The Sacher is more beautiful than ever
The Sacher in Vienna, a large hotel saved during the pandemic also thanks to the cake that Nanni Moretti likes. Some hotels are part of the history of a city, and they are not always the luxury ones. But it’s hard to save them from speculation, or refurbishment that often destroys the atmosphere, more important than modern amenities.
The Kempinsky in Berlin is now called Bristol and is part of an international chain, it will be more comfortable but no longer has the charm it once had, like the Adlon in front of the Brandenburg gate, which is a fake authentic as De Crescenzo said, rebuilt as it was, with one more floor, after reunification. I think of the Ritz in Paris, which hosted Diana on her last day of her life, and Hemingway and Marlene Dietrich. At the Vesuvius in Naples or at the recently renovated Grand Hotel et des Palmes in Palermo, where Wagner and Mata Hari slept, the Mafia’s favorite for its leaders.
One cannot think of Vienna without the Hotel Sacher, a few meters from the Opera, which has survived for 250 years, even if it originally had another name. It was the gastronome Edward Sacher who bought it in 1876 and named it after the cake that bore his name, with chocolate, marzipan and apricot jam. It has had some bad moments due to Covid, and is still the only five-star hotel in the capital that belongs to the family (along with the other four in the group), thanks to careful management. It is about to break even again, and 15% of the turnover is ensured by the cake, of which about a thousand packages are sold every day, which can also be ordered online. It starts from 48.50 euros for a one kilo and 400 gram Sacher, to be consumed within a couple of weeks.
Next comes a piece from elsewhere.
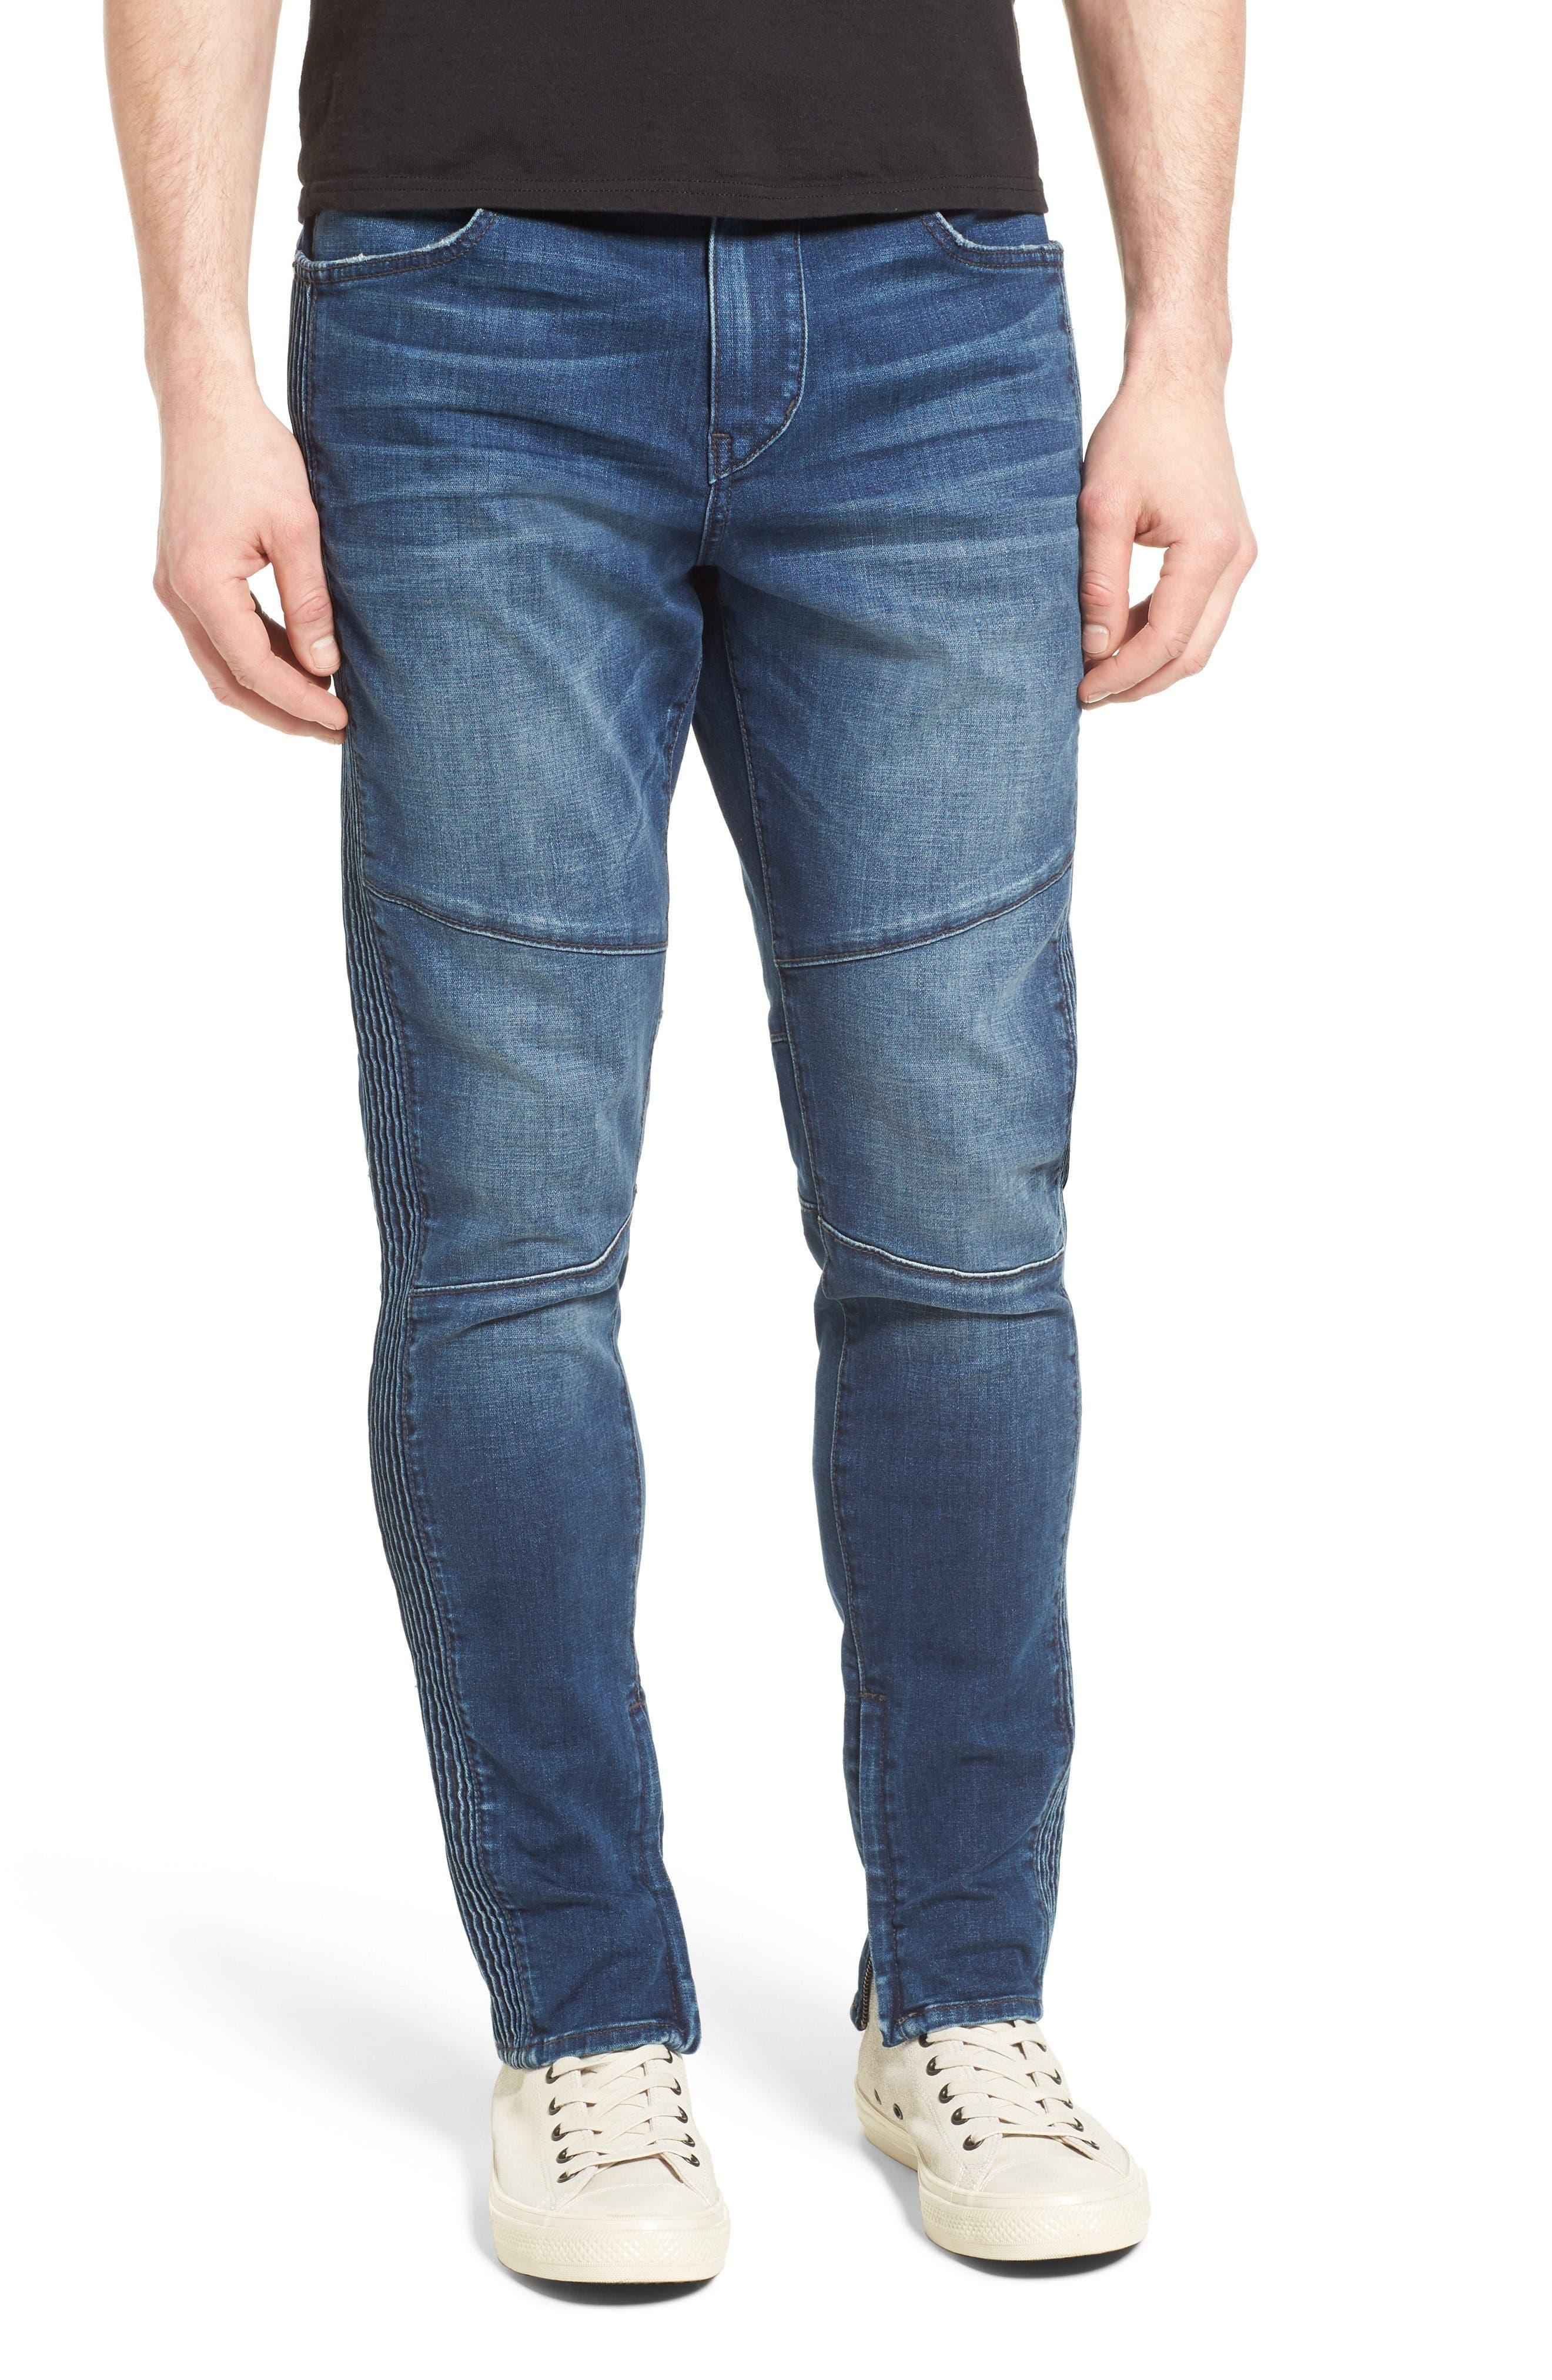 True Religion Brand Jeans Racer Skinny Fit Jeans (Whiskey Blues)

Not everyone can afford to stay in one of its 150 rooms, half are suites, some bear the name of famous guests, including singers and conductors. Herbert von Karajan’s is 300 square meters wide and costs more than two thousand euros a night. But tourists at least allow themselves a slice of the legendary Sacher, in one of her five cafés. Crown Prince Rudolf also liked her, who killed himself in Mayerling on January 30, 1889 with the seventeen-year-old Maria Vetsera, out of love at least as the legend claims. At Sacher, Graham Greene together with Orson Welles wrote the screenplay of The Third Man, the film about post-war Vienna, occupied by the Western allies and the Soviets. They made three or four films about the Sacher, the first in ’39, a year after the Anschluss, when, thanks to Hitler, Austria was swallowed up by the Third Reich.
Now a double room costs at least 500 euros, not a little, but still less than what is asked for in a hotel of the same level in Paris or Venice. Up until a few years ago it was more affordable and the last time, before the euro, I paid around 300,000 lire, roughly as much as in a normal hotel, or as much as I was asked for in Milan during the fair period, a three-star hotel near the Palace of Justice. I often went to the Sacher in the fateful year of the fall of the Wall, when the East Germans fled via Hungary to end up in Austria. I was not a spendthrift who charged the newspaper bill. As a special envoy, I have the pride of never having had any complaints from the administration regarding the expense report.
Indeed no, once one of the directors reproached me for going to a hotel that was too modest. But I chose the more functional ones, and with an atmosphere, avoiding those of the big chains, the same from Tokyo to Madrid. I got an interview with the Nazi hunter, thanks to the goalkeeper of the Sacher. My phone number was no longer valid, he had the reserved one, he called him and vouched for me.
The Frankfuter Allgemeine dedicated a long interview to the director Matthias Winkler, 53, to the Sacher. 2019 was a record year, he recalled, with a budget of 60 million, and we are about to return to the period before Covid. There are 700 employees, a third Austrian, a third German, and the rest from all over the world, but it’s difficult to find personnel who are up to the task, there are about sixty vacant positions, and not because the pay is insufficient.